BUSINESS

Tobacco Giant Crafts D.C. Council Legislation

11/30/2009 05:12 am ET | Updated May 25, 2011

The Washington Examiner reports Wednesday that lobbyists from the Altria Group, owner of tobacco company Philip Morris, are the principal authors of new D.C. Council legislation that (among other provisions) will give city businesses the right to ban smoking from within 25 feet of a storefront entrance. Councilman Phil Mendelson, who introduced the bill, benefited from a $500 campaign contribution from Altria the day he introduced the legislation.

Such crappy optics! LobbyBlog awards one "Tsk."

There are two bills: One with the 25 feet provision (PDF) and another (PDF) that forbids the sale of single cigars, or "blunts," which are commonly hollowed out and refilled with weed.

The Examiner explains why Altria is behind this legislation:

Altria's Black and Mild are the nation's top-selling cigars and control almost a quarter of the market. Because they're sold in five-packs, [Cigar Association of America] President Norman Sharp said the ban on single cigars would boost Black and Mild sales.

Additionally, the proposed weight standards would allow the company to put all of its cigars in two-packs -- the minimum requirement.

This is essentially the same strategy Altria deployed when it backed the Family Smoking Prevention and Tobacco Control Act, which gave the Food and Drug Administration new powers over the tobacco industry. The New York Times reported in June that Altria was positioning itself to gain a possible advantage over competitors:

[A]s the industry's richest company, with profits last year of more than $3 billion, Altria, based in Richmond, Va., has built an extensive scientific research operation. It may thus be the company best equipped to deal with the F.D.A.'s new review process for new, ostensibly safer tobacco products.
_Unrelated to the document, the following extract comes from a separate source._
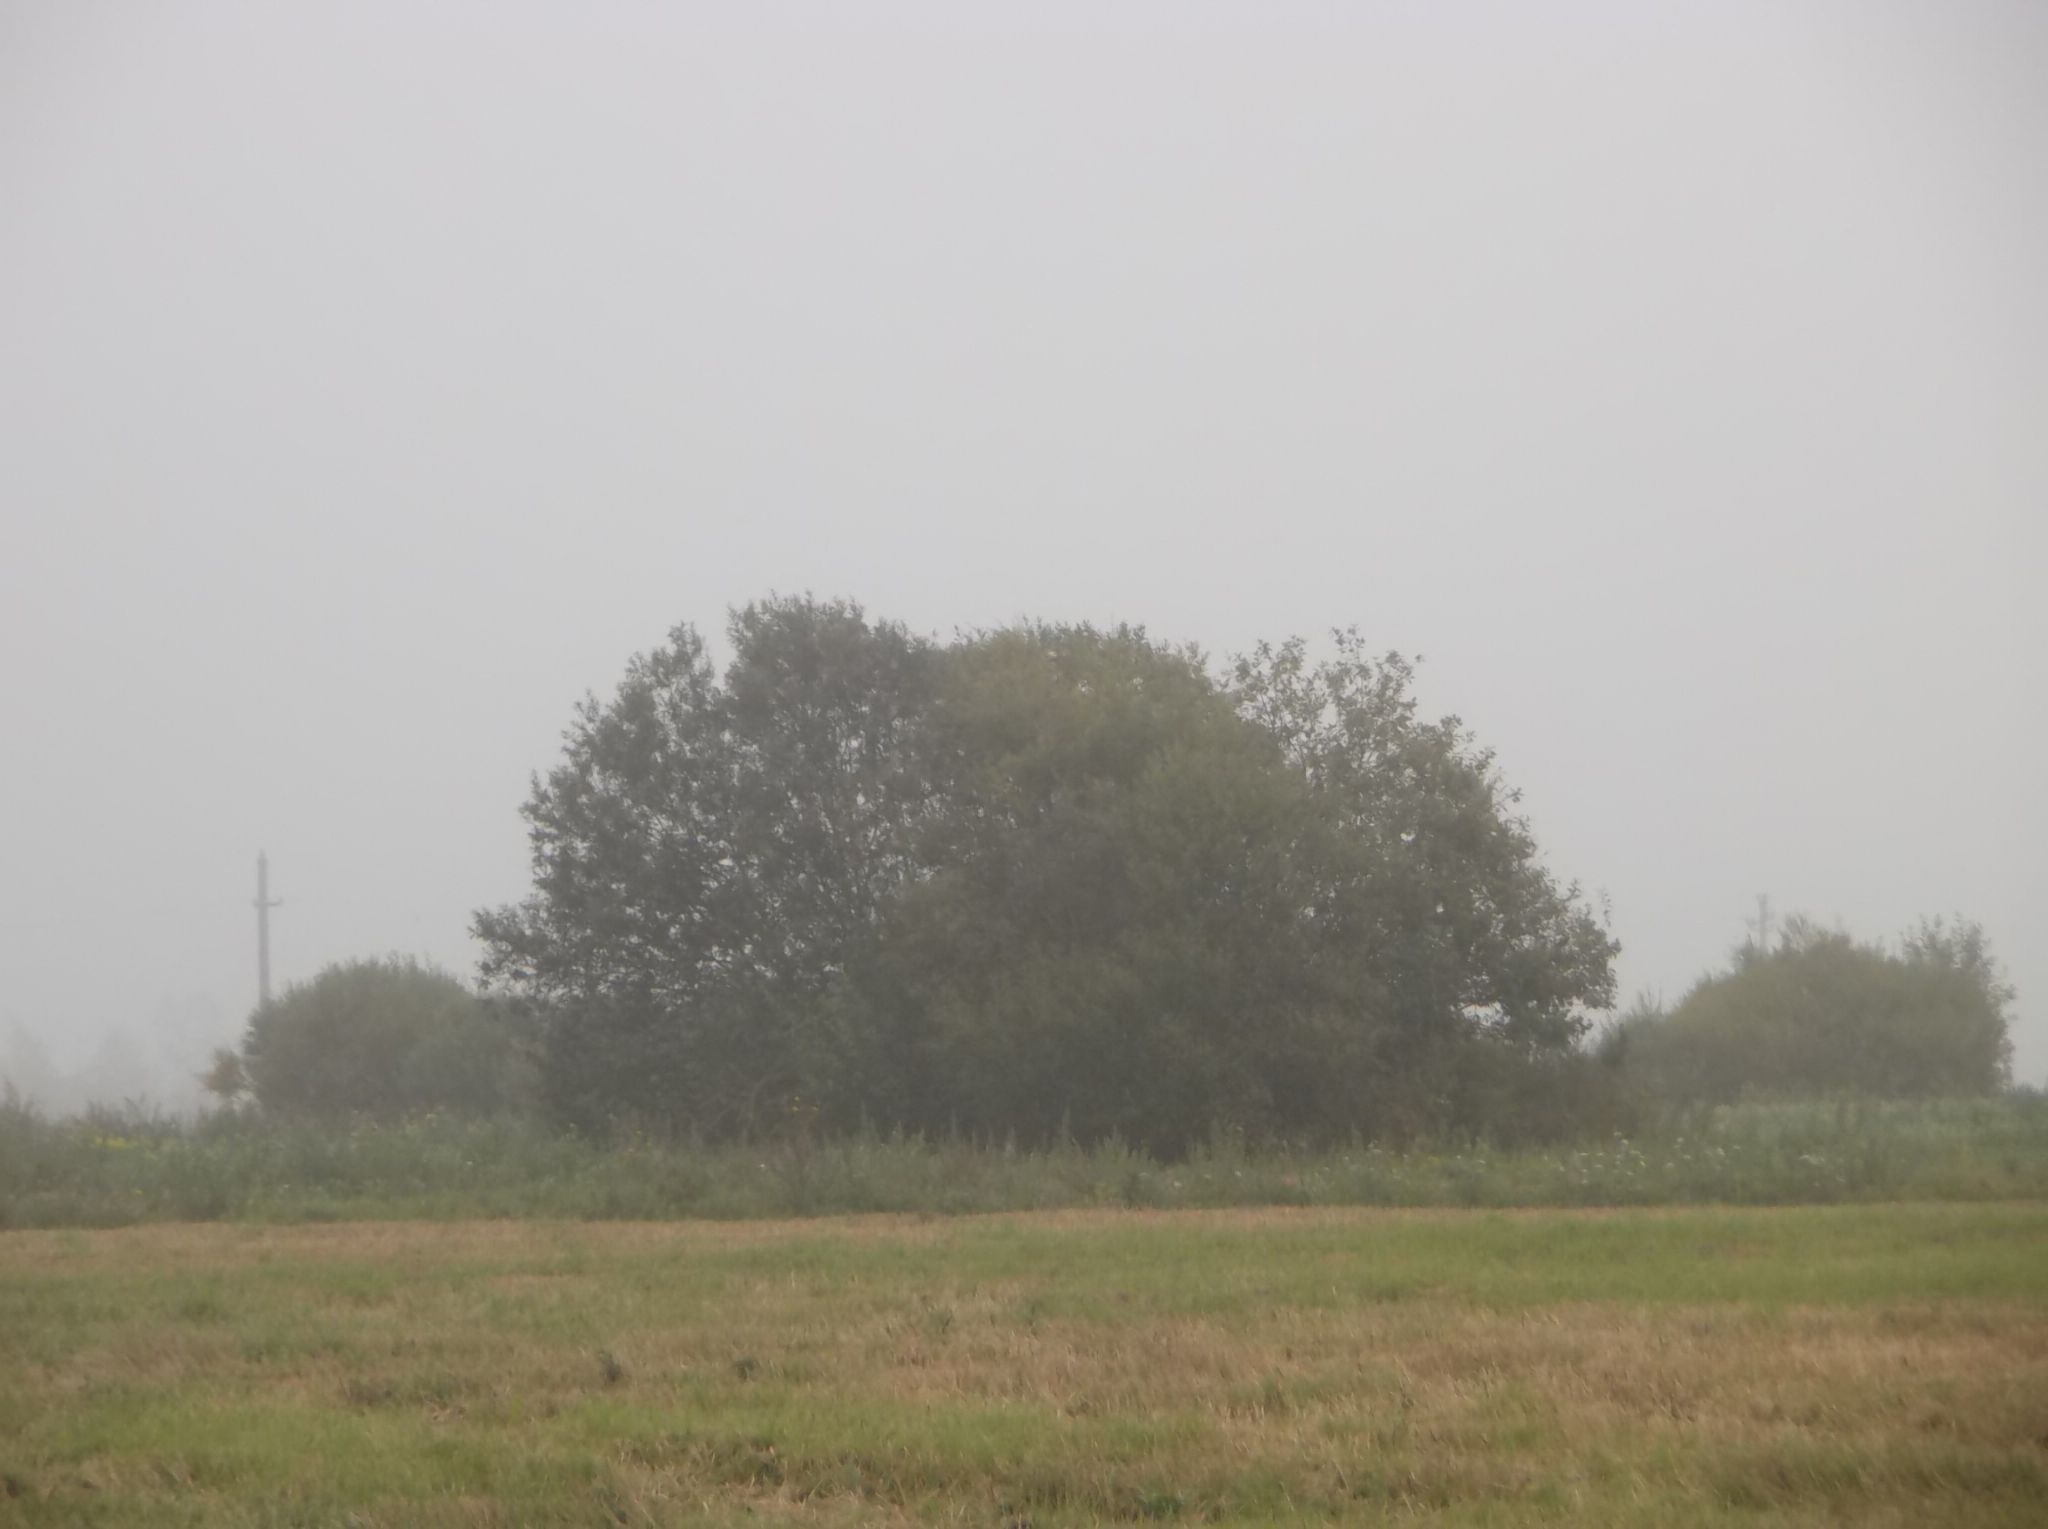 In the fog. by Zita Užkuraitienė

That bill had another cookie for the industry: it banned cigarette flavors, but not menthol. From Slate's Big Money:

"It is a dream come true for Philip Morris," Michael Siegel, a professor at the Boston University School of Public Health, told me. "First, they make it look like they are a reformed company which really cares about reducing the toll of cigarettes and protecting the public's health; and second, they protect their domination of the market and make it impossible for potentially competitive products to enter the market." Other tobacco companies have taken to calling the bill the "Marlboro Monopoly Act of 2009."